Hemingway in Haryana

Dinner near New Friends Colony in Delhi, with Shruti, Siddharth, and Pragya. At one point, Pragya says that while she was in Bihar she knew that people around her thought of girls as social inferior but it wasn’t till she came to Delhi that she realized that women there were seen as nothing. That scrap of conversation returned to me when in early January the BBC reported that more than 10 million female births in India may have been lost due to selective abortion in the past 20 years.

“The BBC’s Jill McGivering says the problem is complicated by advances in technology. Ultrasound machines must be officially registered but many are now so light and portable, they are hard to monitor.” Now, matters have gone further. There is a globalization of murder, or what a blogger on Sepia Mutiny has called an “outsourcing of abortion.” The British newspaper The Observer reported last month that “pregnant British Asian women, some in effect barred by the NHS after numerous abortions, are now coming to India for gender-defining ultrasounds and, if they are expecting girls, terminations.”

While the BBC reports and others like it emphasize the fact that in places like Haryana and Punjab men are finding it difficult to get wives, it makes more sense, I think, going back to Pragya’s comment, to talk about how the brutal practice of female foeticide is part of the systemic violence against women. The idea that female foetuses are deemed unworthy of living is not removed from the set of reasons which earned Delhi the nickname of “the rape capital of the world.”

The brief BBC report mentioned above had ended with the following words: “Although doctors in India must not tell couples the sex of a foetus, in practice, some just use coded signals instead, our correspondent says.” This detail stopped me. I am interested as a writer in the injustice rampant in our societies, but I’m also curious about language and its uses. How is it that a doctor in Chandigarh or Ludhiana conveys to a young woman–and, alas, to many, many more like her–that she is likely to give birth to a child of the “wrong” sex? What secret analogy is considered suitable? How crude is it in its invention?

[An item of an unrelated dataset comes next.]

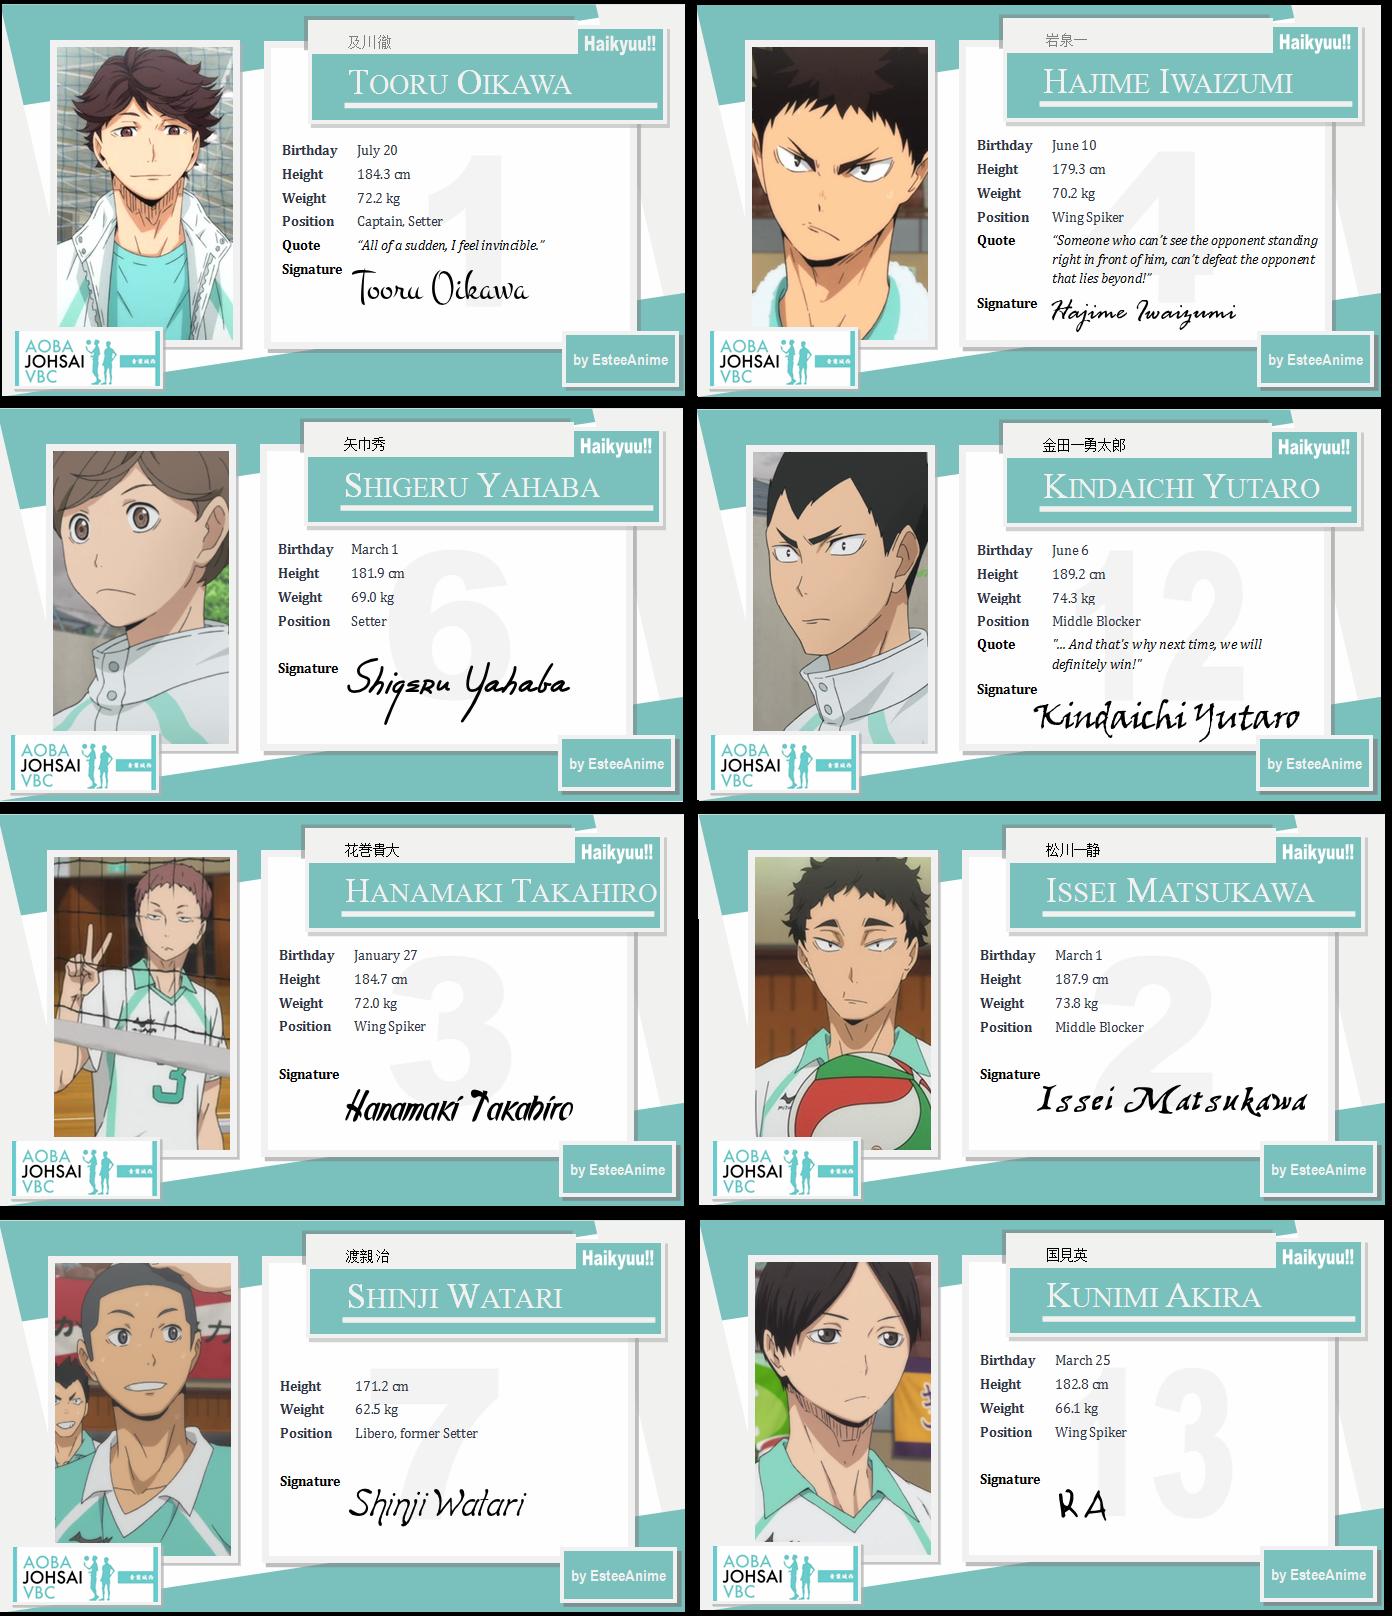 Haikyuu!! Character Cards - Aoba Josai by EsteeSo on DeviantArt

Hemingway’s short-story “Hills Like White Elephants” is about a young woman and a man who are waiting for a train, and while they wait they are talking of a “simple operation” that the woman is going to have. I hadn’t realized, when I read the story the first time, that it was about an abortion. I have taught the story more than once, and am always surprised that not all students get that meaning on the first reading either. And yet, if you read it again, the signs are all there in plain view.

“It’s really an awfully simple operation, Jig,” the man said. “It’s not really an operation at all.”
The girl looked at the ground the table legs rested on.
“I know you wouldn’t mind it, Jig. It’s really not anything. It’s just to let the air in.”
The girl did not say anything.
“I’ll go with you and I’ll stay with you all the time. They just let the air in and then it’s all perfectly natural.”
“Then what will we do afterward?”
“We’ll be fine afterward. Just like we were before.”

I have tried to remember what I had felt when I had first read this story without understanding what the operation was about. I had only been in touch with the unhappiness, I think, the difficult sadness that surrounds the young woman. It is possible that I had read the story somewhat abstractly, about men and power, or even about the cruelty of those who impose their desires on others while arguing that it is for the general good. I remember that I had resolved to be tender in my fights with my girlfriend.

But, as Hemingway’s story shows, cruelty can be indirect and still concrete. It is this which makes me wonder about the woman in the clinic in Haryana.